Frequently Asked Questions

  1. How does a crystal produce an electrical oscillation?

The piezoelectric effect causes the crystal to mechanically vibrate when driven by AC voltages applied to its electrodes. This vibration in turn generates an oscillating voltage across the crystal at its resonant frequency that can be amplified to sustain oscillations.

  1. Can any crystalline material be used in crystal oscillators?

No, quartz is almost universally used due to its superior piezoelectric properties and ability to be precisely cut to target frequencies. Some other piezoelectric crystals like Rochelle salt are used in specialty applications.

  1. What are overtone crystals?

Overtone crystals are cut to resonate on their 3rd, 5th, or higher odd harmonic rather than the fundamental mode. This allows higher frequencies like 60 MHz from a 20 MHz crystal. They are more complex to produce but cut component count.

  1. How are tuning fork crystals different from regular quartz crystals?

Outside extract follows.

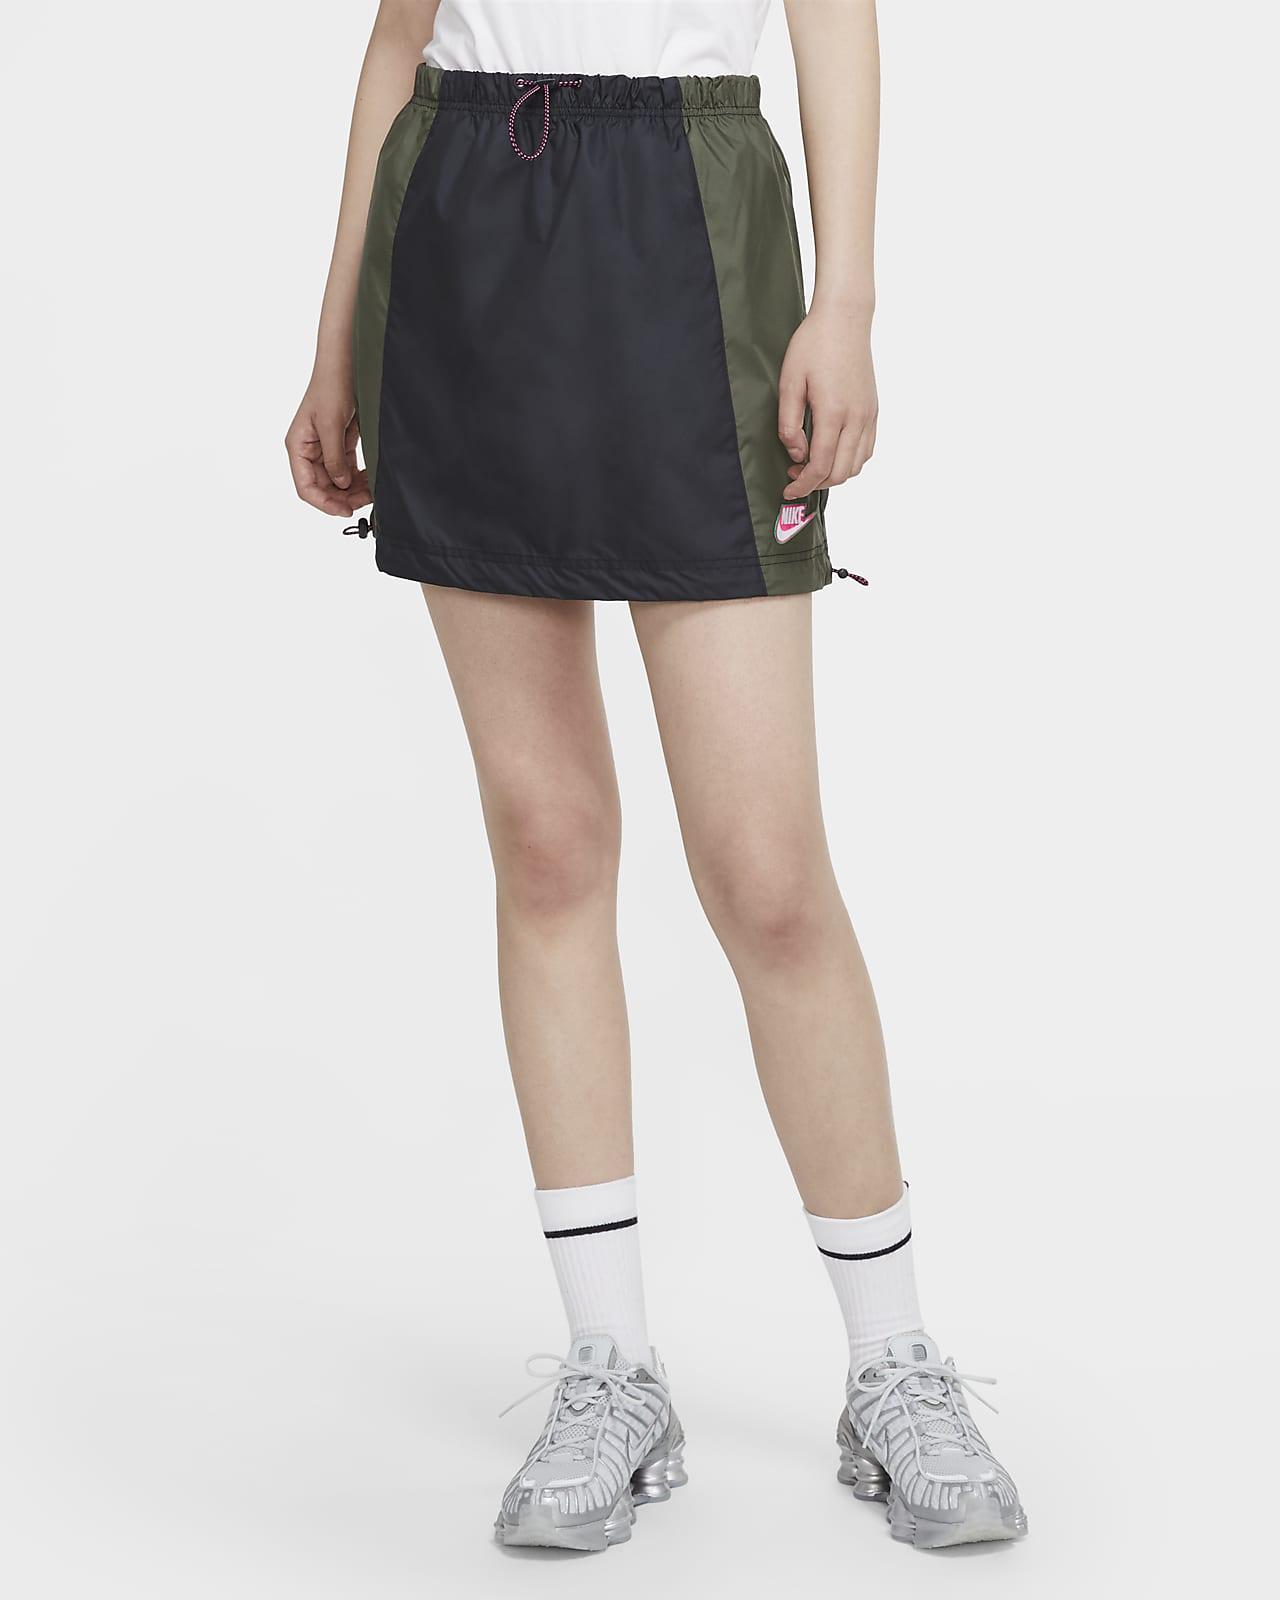 Falda de tejido Woven para mujer Nike Sportswear Icon Clash
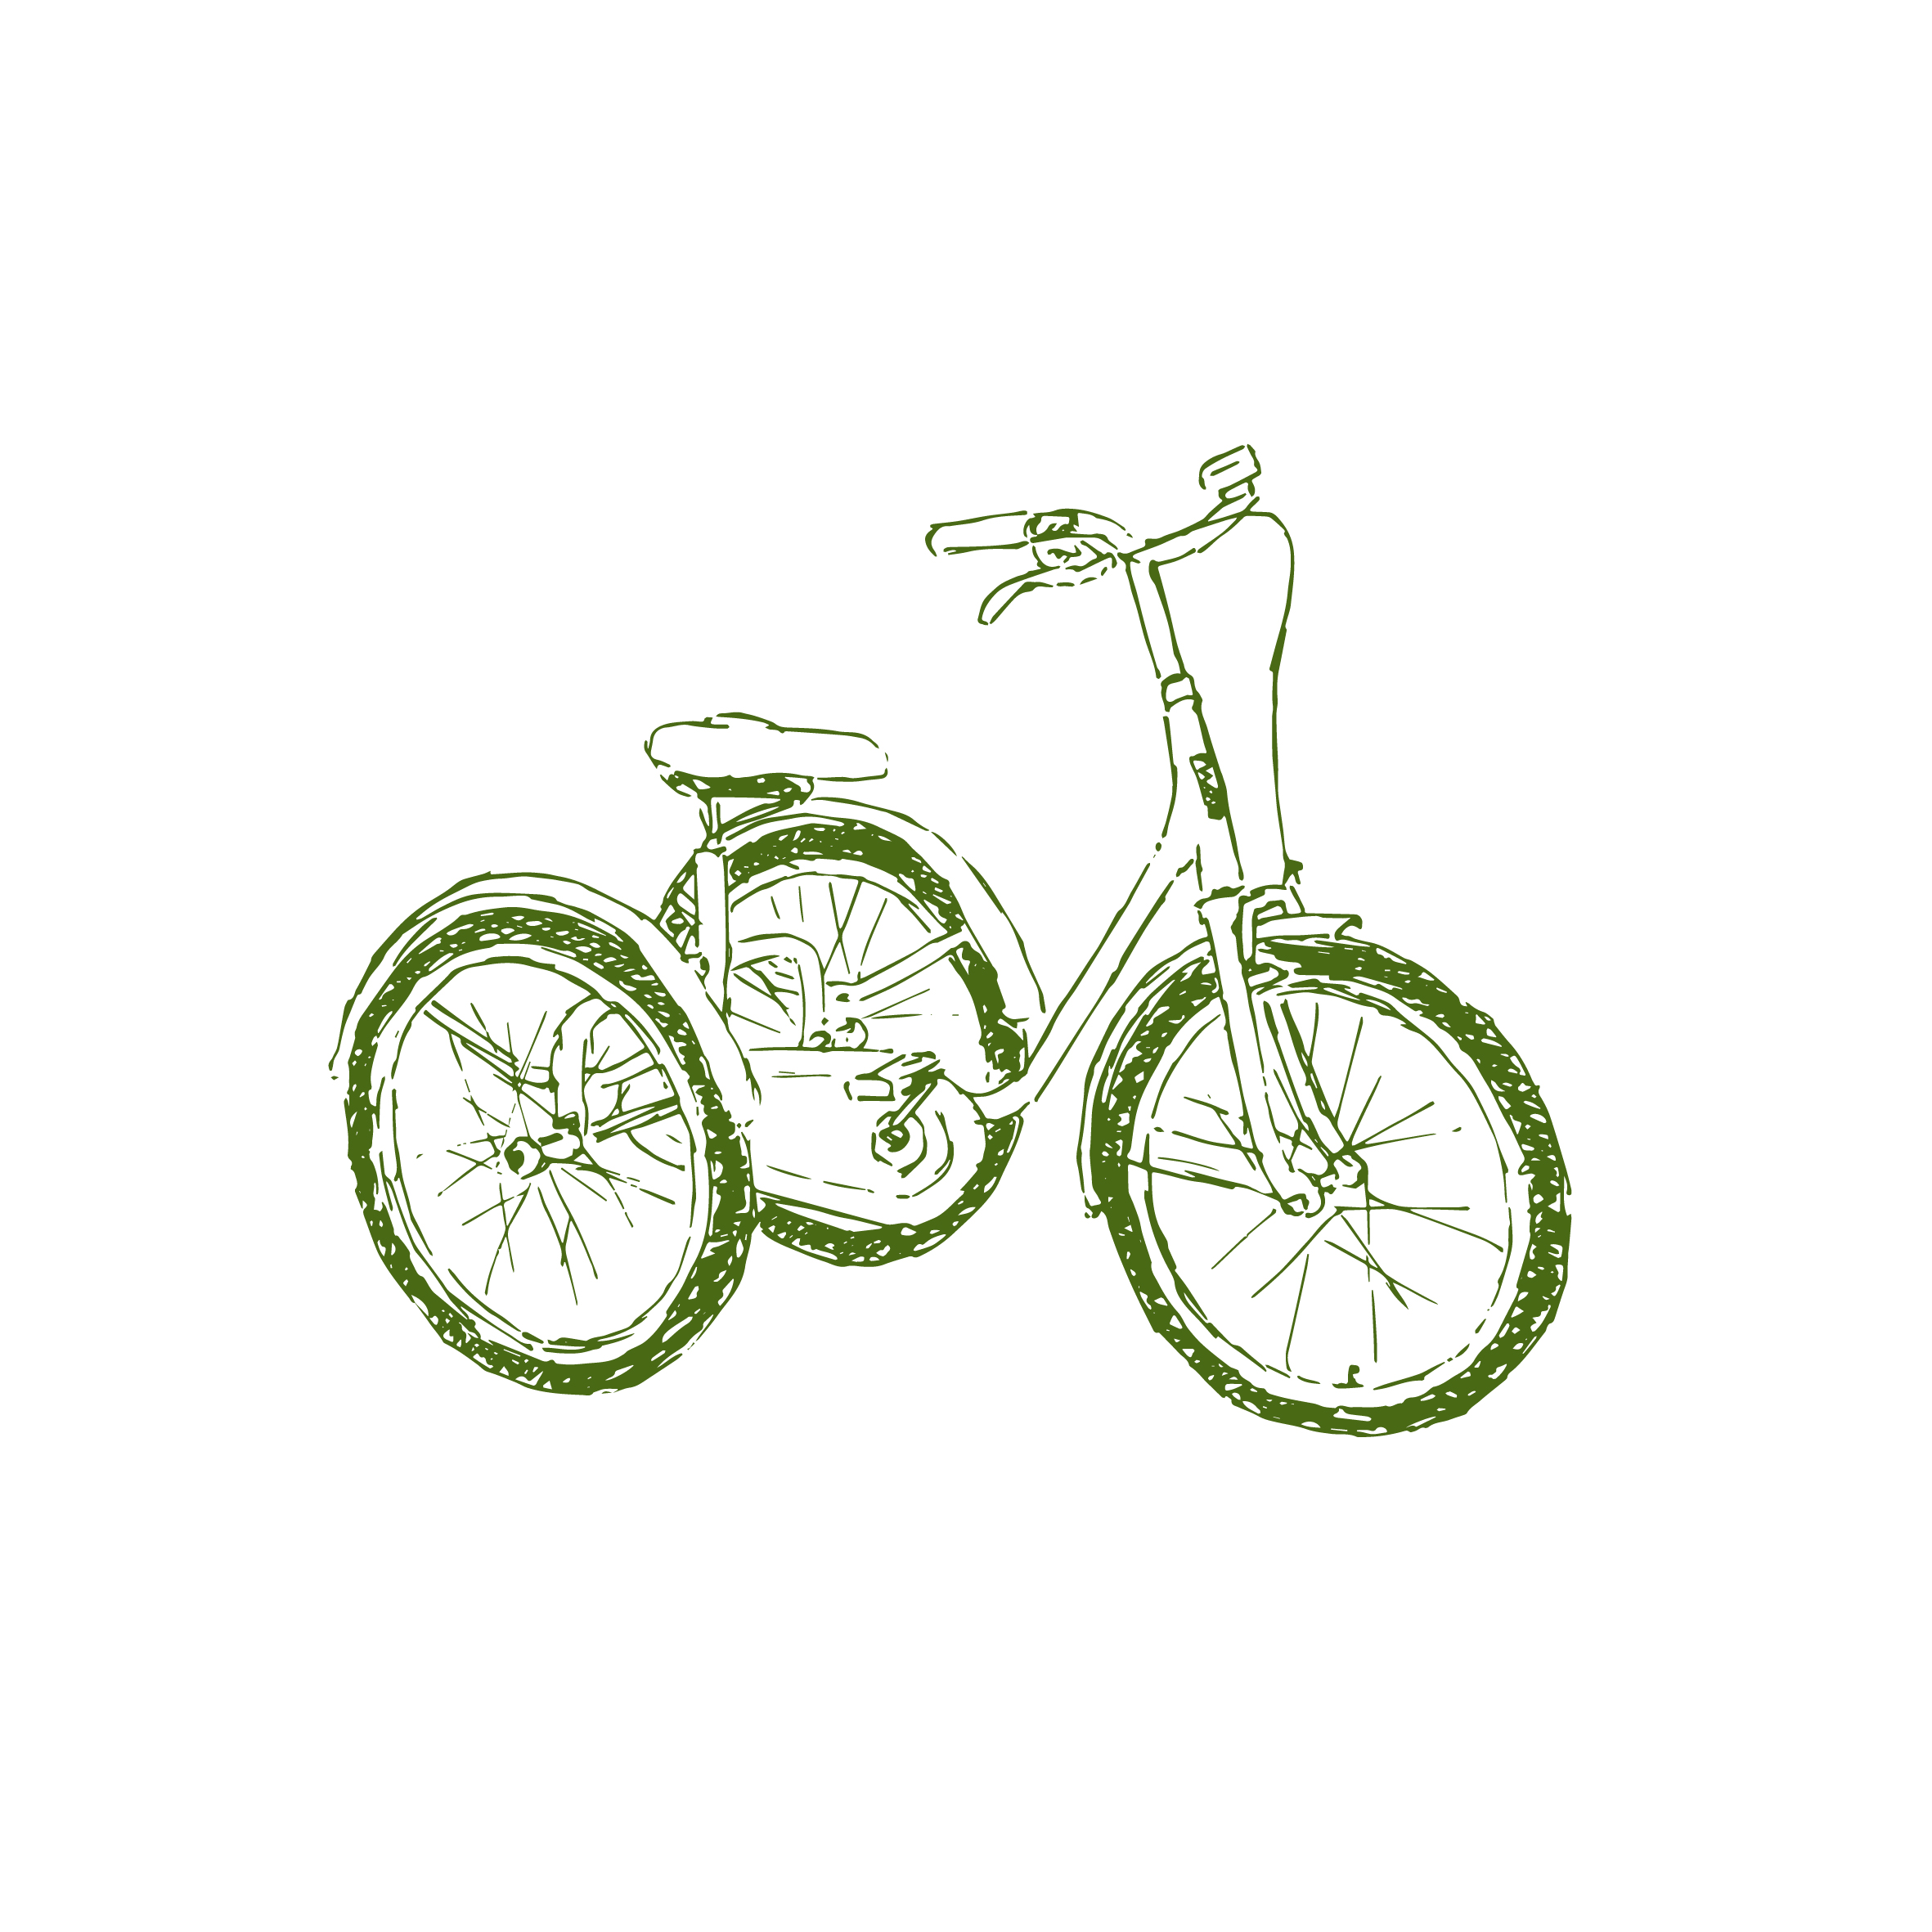 pedal car_Moss.jpg

A tuning fork crystal has two tines that vibrate in antiphase rather than a single plate. The resonance mode is an unusual but useful type. Tuning fork crystals are more tolerant of vibration and shock.

  1. Why do older analog wristwatches use 32.768 kHz crystals?

The extremely low frequency allows using a tiny quartz crystal resonator while still providing excellent timekeeping accuracy. Low power oscillator circuits can extract long battery life dividing the signal down to one tick per second.